Customers get more help going through an SBC/2Wire, says Fink. Its product for home users is HomePortal, which SBC sells for $50. "It's easy to set up, but more than half our users do end up phoning," Fink said. "That's fine. We walk them through it. What's funny is that a good 20% of callers with problems have accidentally hooked up to a neighbor's Wi-Fi access. And the neighbor seldom would ever know. No doubt a lot of people are taking advantage of this situation."
A 2Wire poll of 200 consumers found that nearly half would take a look at a neighbor's wireless network if they got a chance.
There's also no doubt, Fink says, that with just a little time and effort, everyone can easily get secure Wi-Fi access.
Back in the limo, Ouellet called up another application that came free with the Aironet 350. He locked onto an unsecured Wi-Fi access point, coming from a town home complex in North San Jose. He quickly got the hot spot's IP address. He then logged into the Internet and sent me an e-mail from his Hotmail account to my work account. This all took, oh, 26 seconds. We could've surfed the Web to our heart's content.

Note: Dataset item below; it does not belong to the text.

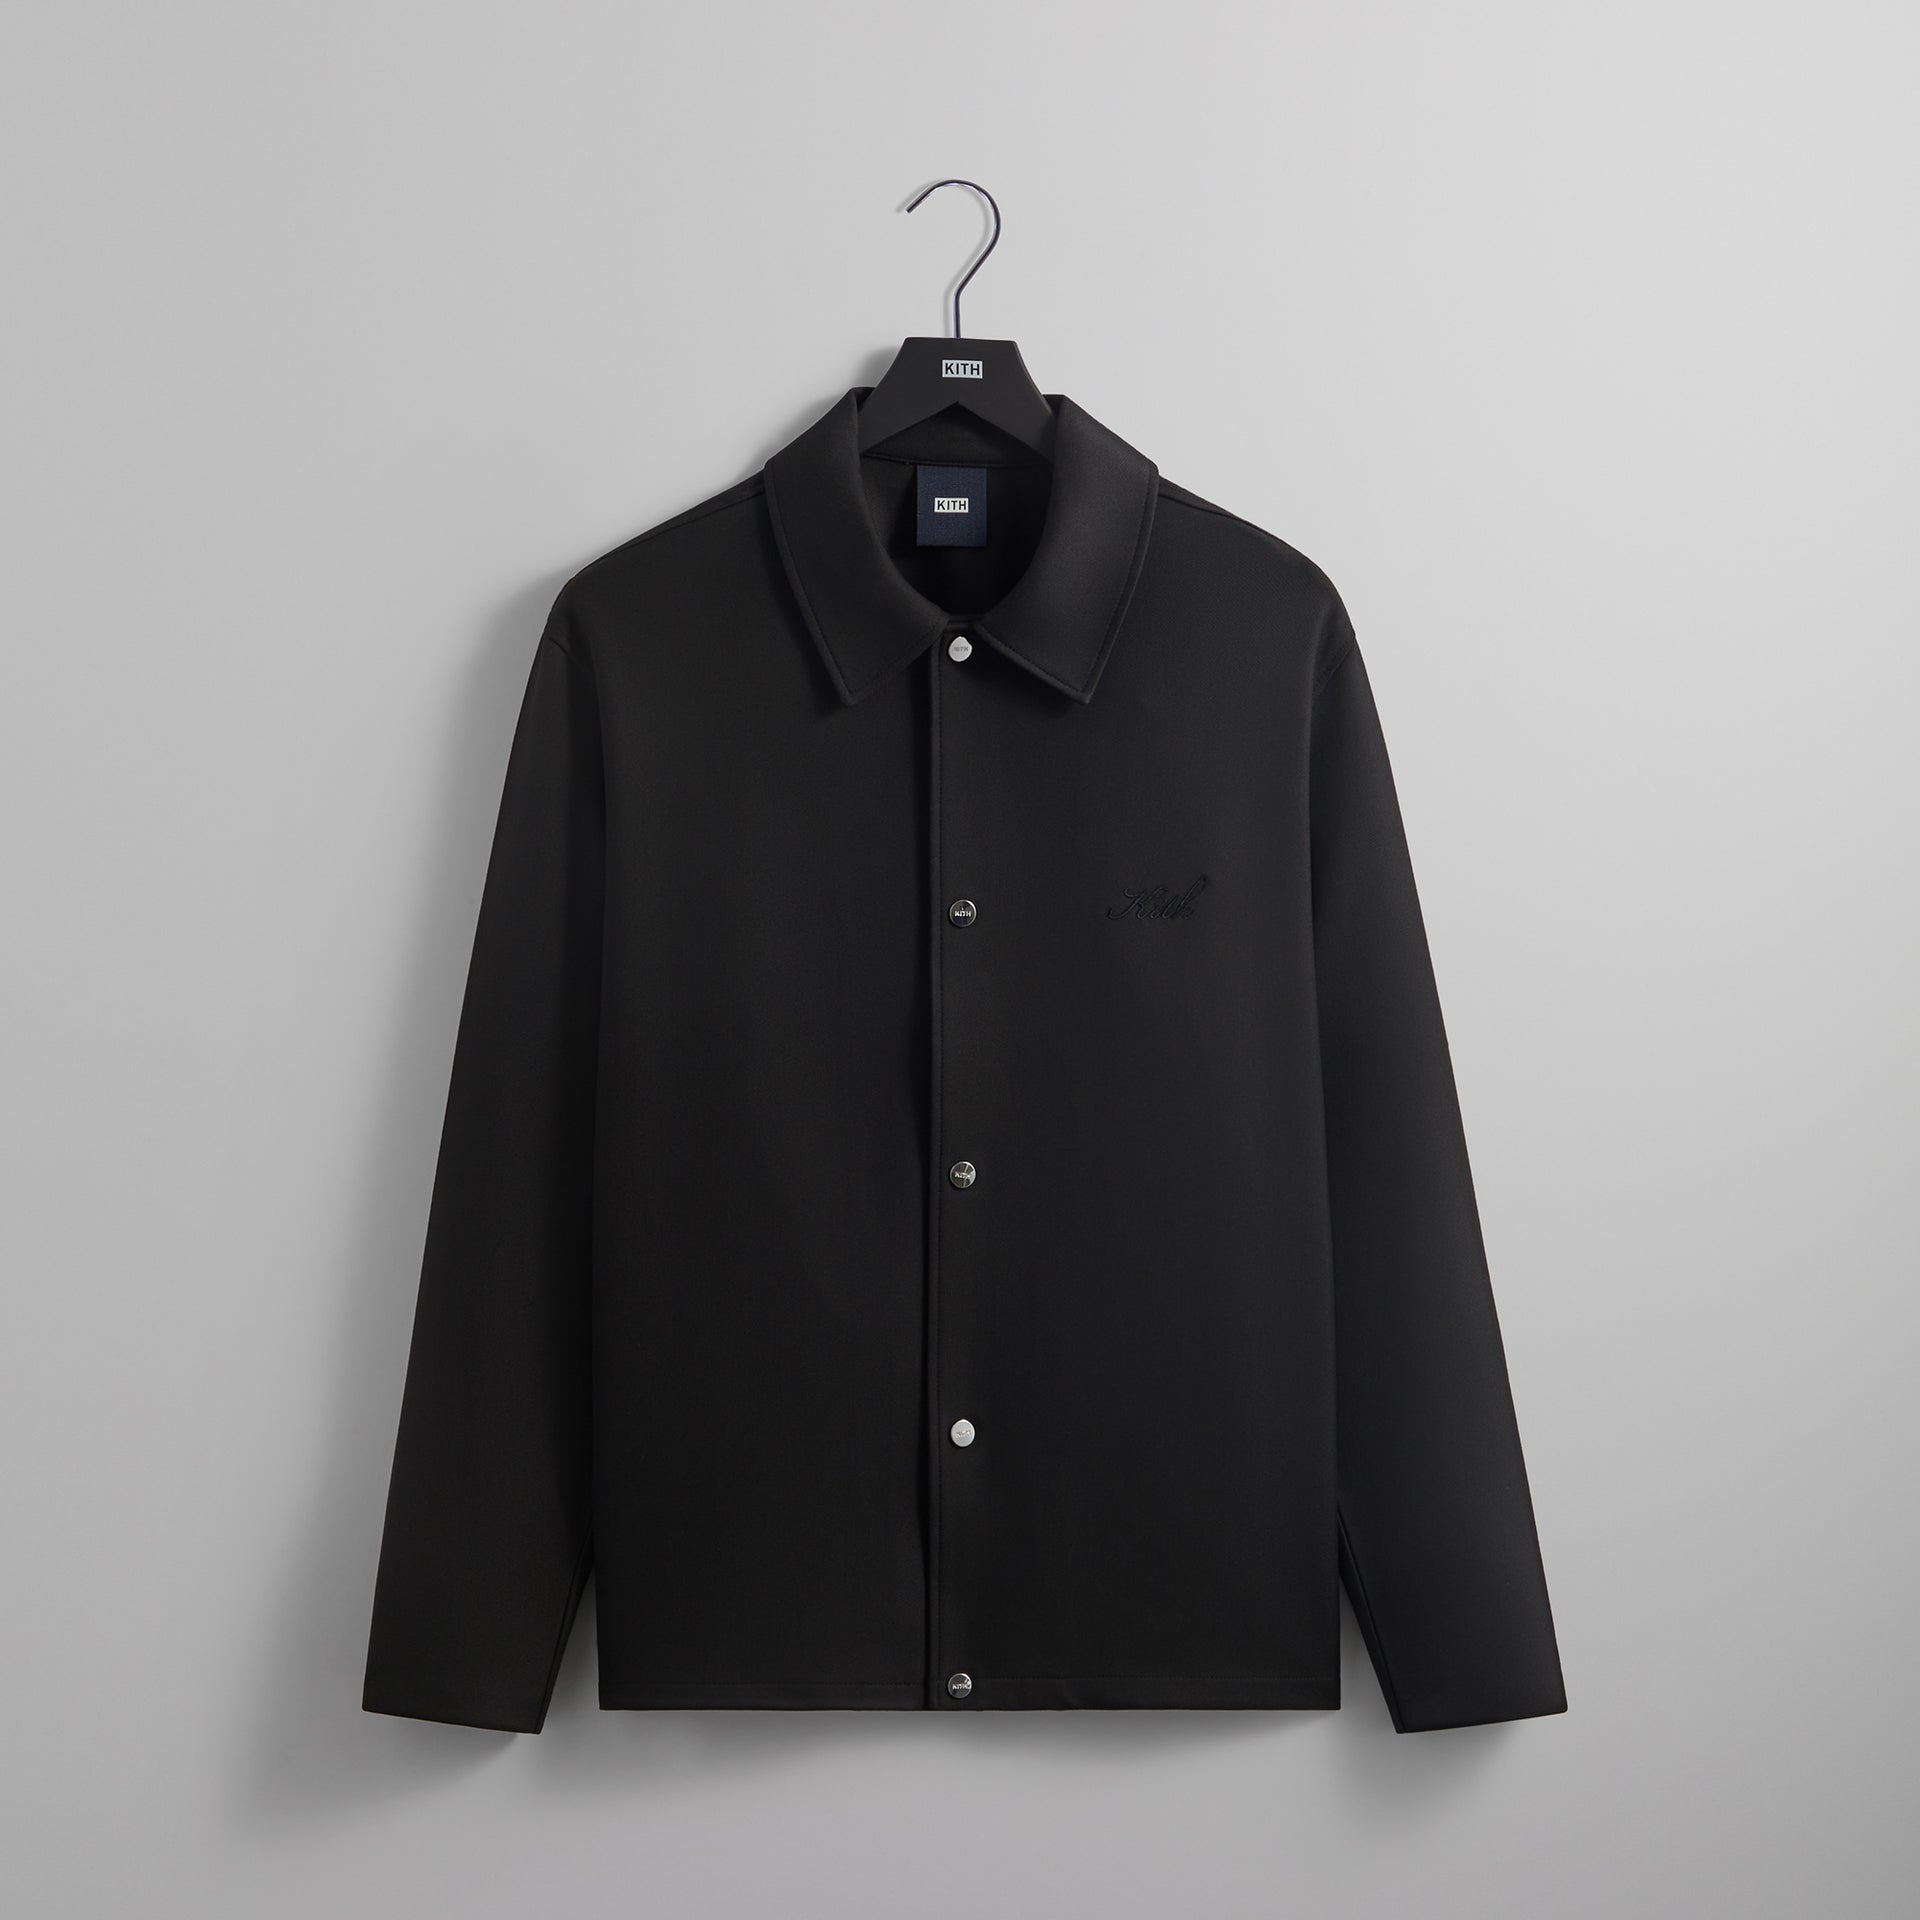 UrlfreezeShops Double Knit Coaches Jacket edition - Black

And then, he showed me a free sniffer-type software product. (Network Associates Inc. also has an official product called Sniffer.) The sniffer could do real spying. We had broken no laws to this point. But with the sniffer, we could have logged into an unsecured Wi-Fi hot spot fairly quickly and viewed a user's Web surfing, e-mails, etc. It's easy to do. There are "ethical" issues, said Ouellet, but it's not really illegal, "though we suspect court cases will soon emerge."
Boyfriends can, and do, use these products to check up on their girlfriends, he says. And vice versa. Business rivals can, and do, take looks at what rivals are doing. Some try to capture user names and passwords.
"There's no excuse for businesses and homeowners anymore to not have security," Ouellet said. "But it happens. Imagine if spammers get into your company's server via a Wi-Fi access point. Within seconds they could send out millions of spams -- and it looks like it came from your company. Not good."
We didn't end up doing any sniffing. We were far too upstanding. Plus, we ran out of time.